In last Friday's presidential
debate, John McCain went after Barack Obama on the surge in Iraq: "Senator
Obama said the surge could not work, said it would increase sectarian violence,
said it was doomed to failure. Recently on a television program, he said it
exceeded our wildest expectations…"
The senator responded with a clever formulation: "John, you like to pretend
like the war started in 2007. You talk about the surge. The war started in
2003, and at the time when the war started, you said it was going to be quick
and easy. You said we knew where the weapons of mass destruction were. You
were wrong. You said that we were going to be greeted as liberators. You were
wrong. You said that there was no history of violence between Shi'ite and Sunni.
And you were wrong. And so… if the question is who is best-equipped as the
next president to make good decisions about how we use our military, how we
make sure that we are prepared and ready for the next conflict, then I think
we can take a look at our judgment."
It was a striking response because, if we're thinking in terms of analogies,
McCain is essentially the arsonist who helps set a fire in someone's house
and then tries to take credit for keeping it under control, if not putting
it out. And yet the question remains: Whose war, McCain's or Obama's, will
be the decisive one in American politics this year?
TomDispatch regular, American historian, and professor of religious studies
Ira Chernus is both a canny observer of campaign politics and deeply knowledgeable
about why certain kinds of easy-to-manipulate symbols affect so many Americans.
It's clear that Iraq has, for the time being, been pushed out of the main stream
(as well as the mainstream) of American news and that this matters in the present
election. Here, Chernus considers just how it matters and how, even
out of sight, the Iraq War will continue to play a crucial role in domestic
politics. And by the way, don't assume that the war will remain buried news.

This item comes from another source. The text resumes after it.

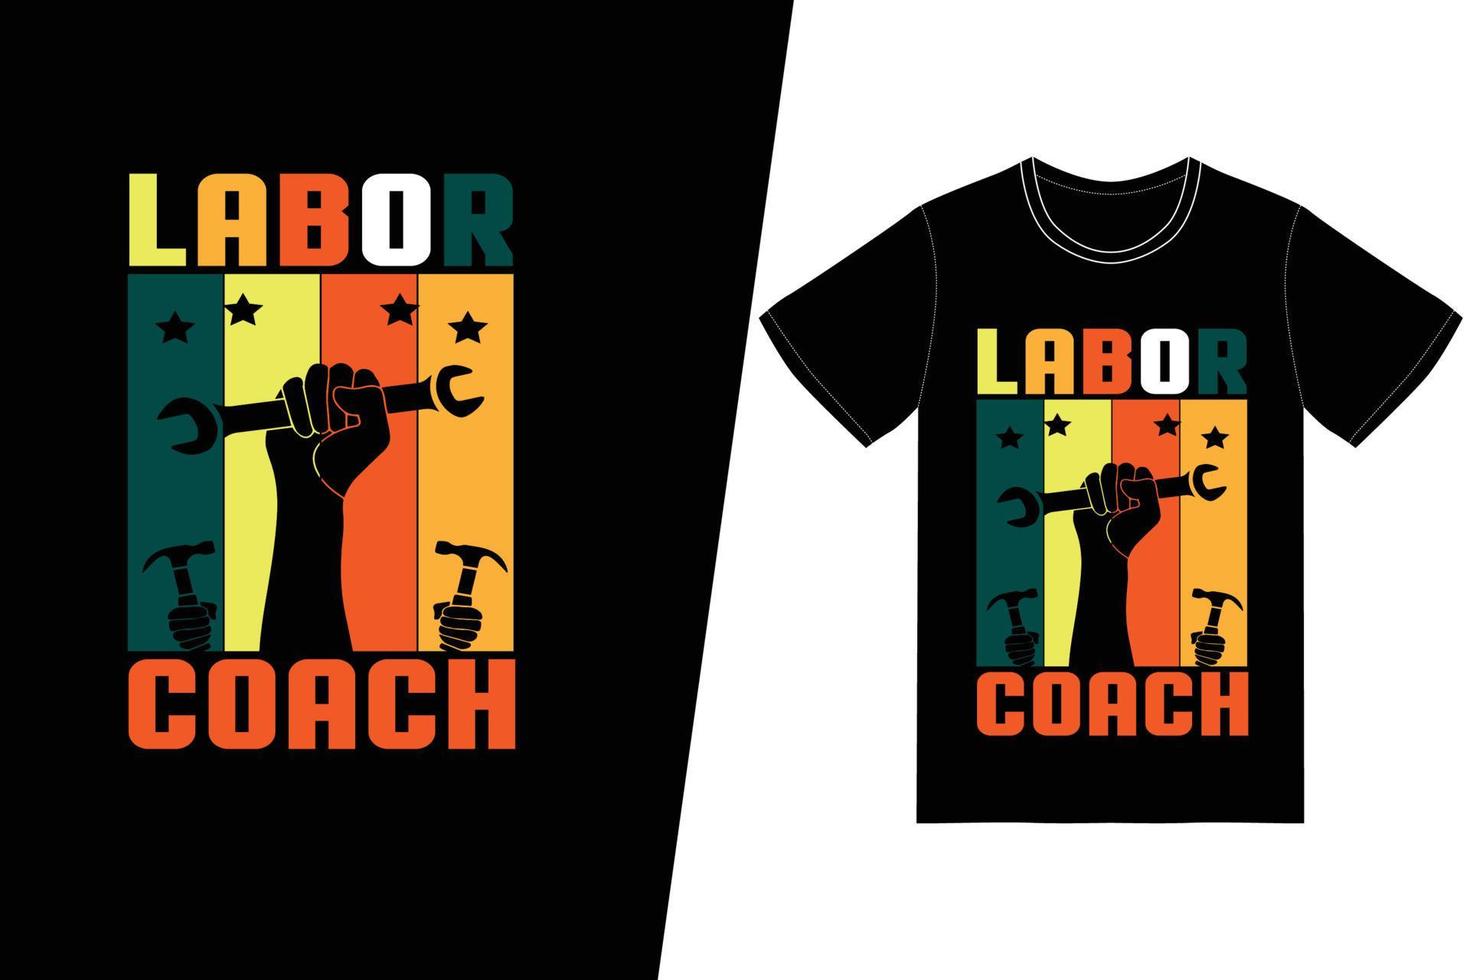 arbeid coach t-shirt ontwerp. dag van de arbeid t-shirt ontwerp vector. voor t-shirt print en ander gebruik. vector

Iraq is a tinderbox. It could explode at any moment. Tom
How Forgotten Iraq May Elect the Next President
Whose war will win the election – McCain's or Obama's?
by Ira Chernus
In 1932, in the midst of a disastrous economic
meltdown, Franklin D. Roosevelt made "the forgotten man" the centerpiece of
his presidential election campaign. Far more than we suspect, this year's election
may turn not on a forgotten man, but on a forgotten war in a forgotten country.
Even before the present financial meltdown hit the news, the Iraq War had
slipped out of the headlines and off the political stage. Now, as investment
houses totter and bailout plans fill the headlines, it will be even harder
for Iraq to get major media attention. Yet the war remains just beneath the
surface of the presidential campaign, and so is sure to affect the outcome
in ways too complicated to fully grasp.
Think of that war not as one, but two currents, affecting the coming election
all the more powerfully because they are out of sight, out of mind, and – interacting
in unpredictable ways – out of anyone's control.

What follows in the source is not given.